__WHAT IS NEEDED__:
The records that follow are to be reproduced verbatim.
------ EXCERPTED RECORDS
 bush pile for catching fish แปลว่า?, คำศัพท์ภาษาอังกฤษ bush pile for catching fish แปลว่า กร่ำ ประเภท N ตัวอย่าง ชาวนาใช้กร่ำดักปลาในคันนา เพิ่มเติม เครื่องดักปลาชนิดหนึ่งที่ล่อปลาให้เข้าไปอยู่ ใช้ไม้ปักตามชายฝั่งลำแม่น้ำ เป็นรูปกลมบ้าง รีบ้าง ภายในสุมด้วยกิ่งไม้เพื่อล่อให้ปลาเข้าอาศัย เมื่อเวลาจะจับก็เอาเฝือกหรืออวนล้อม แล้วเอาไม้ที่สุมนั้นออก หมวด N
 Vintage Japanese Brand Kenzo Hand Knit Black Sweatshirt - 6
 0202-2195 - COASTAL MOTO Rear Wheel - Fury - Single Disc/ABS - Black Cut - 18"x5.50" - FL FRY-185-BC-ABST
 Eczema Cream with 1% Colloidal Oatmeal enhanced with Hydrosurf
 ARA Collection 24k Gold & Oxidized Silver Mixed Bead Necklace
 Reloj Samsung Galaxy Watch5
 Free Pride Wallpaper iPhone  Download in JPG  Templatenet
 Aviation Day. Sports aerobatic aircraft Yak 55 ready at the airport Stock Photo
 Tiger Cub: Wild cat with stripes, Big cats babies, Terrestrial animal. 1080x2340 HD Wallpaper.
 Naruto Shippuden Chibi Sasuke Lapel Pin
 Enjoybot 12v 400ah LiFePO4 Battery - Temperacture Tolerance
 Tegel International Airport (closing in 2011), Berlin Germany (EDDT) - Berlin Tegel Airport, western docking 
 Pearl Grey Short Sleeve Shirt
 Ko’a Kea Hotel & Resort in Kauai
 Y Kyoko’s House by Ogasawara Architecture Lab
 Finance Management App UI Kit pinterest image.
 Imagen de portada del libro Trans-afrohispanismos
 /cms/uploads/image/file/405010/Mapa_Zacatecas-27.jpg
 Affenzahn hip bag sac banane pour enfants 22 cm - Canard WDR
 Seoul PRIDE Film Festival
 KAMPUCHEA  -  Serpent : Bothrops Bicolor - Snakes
------------
__OUTPUT BELOW__:
 bush pile for catching fish แปลว่า?, คำศัพท์ภาษาอังกฤษ bush pile for catching fish แปลว่า กร่ำ ประเภท N ตัวอย่าง ชาวนาใช้กร่ำดักปลาในคันนา เพิ่มเติม เครื่องดักปลาชนิดหนึ่งที่ล่อปลาให้เข้าไปอยู่ ใช้ไม้ปักตามชายฝั่งลำแม่น้ำ เป็นรูปกลมบ้าง รีบ้าง ภายในสุมด้วยกิ่งไม้เพื่อล่อให้ปลาเข้าอาศัย เมื่อเวลาจะจับก็เอาเฝือกหรืออวนล้อม แล้วเอาไม้ที่สุมนั้นออก หมวด N
 Vintage Japanese Brand Kenzo Hand Knit Black Sweatshirt - 6
 0202-2195 - COASTAL MOTO Rear Wheel - Fury - Single Disc/ABS - Black Cut - 18"x5.50" - FL FRY-185-BC-ABST
 Eczema Cream with 1% Colloidal Oatmeal enhanced with Hydrosurf
 ARA Collection 24k Gold & Oxidized Silver Mixed Bead Necklace
 Reloj Samsung Galaxy Watch5
 Free Pride Wallpaper iPhone  Download in JPG  Templatenet
 Aviation Day. Sports aerobatic aircraft Yak 55 ready at the airport Stock Photo
 Tiger Cub: Wild cat with stripes, Big cats babies, Terrestrial animal. 1080x2340 HD Wallpaper.
 Naruto Shippuden Chibi Sasuke Lapel Pin
 Enjoybot 12v 400ah LiFePO4 Battery - Temperacture Tolerance
 Tegel International Airport (closing in 2011), Berlin Germany (EDDT) - Berlin Tegel Airport, western docking 
 Pearl Grey Short Sleeve Shirt
 Ko’a Kea Hotel & Resort in Kauai
 Y Kyoko’s House by Ogasawara Architecture Lab
 Finance Management App UI Kit pinterest image.
 Imagen de portada del libro Trans-afrohispanismos
 /cms/uploads/image/file/405010/Mapa_Zacatecas-27.jpg
 Affenzahn hip bag sac banane pour enfants 22 cm - Canard WDR
 Seoul PRIDE Film Festival
 KAMPUCHEA  -  Serpent : Bothrops Bicolor - Snakes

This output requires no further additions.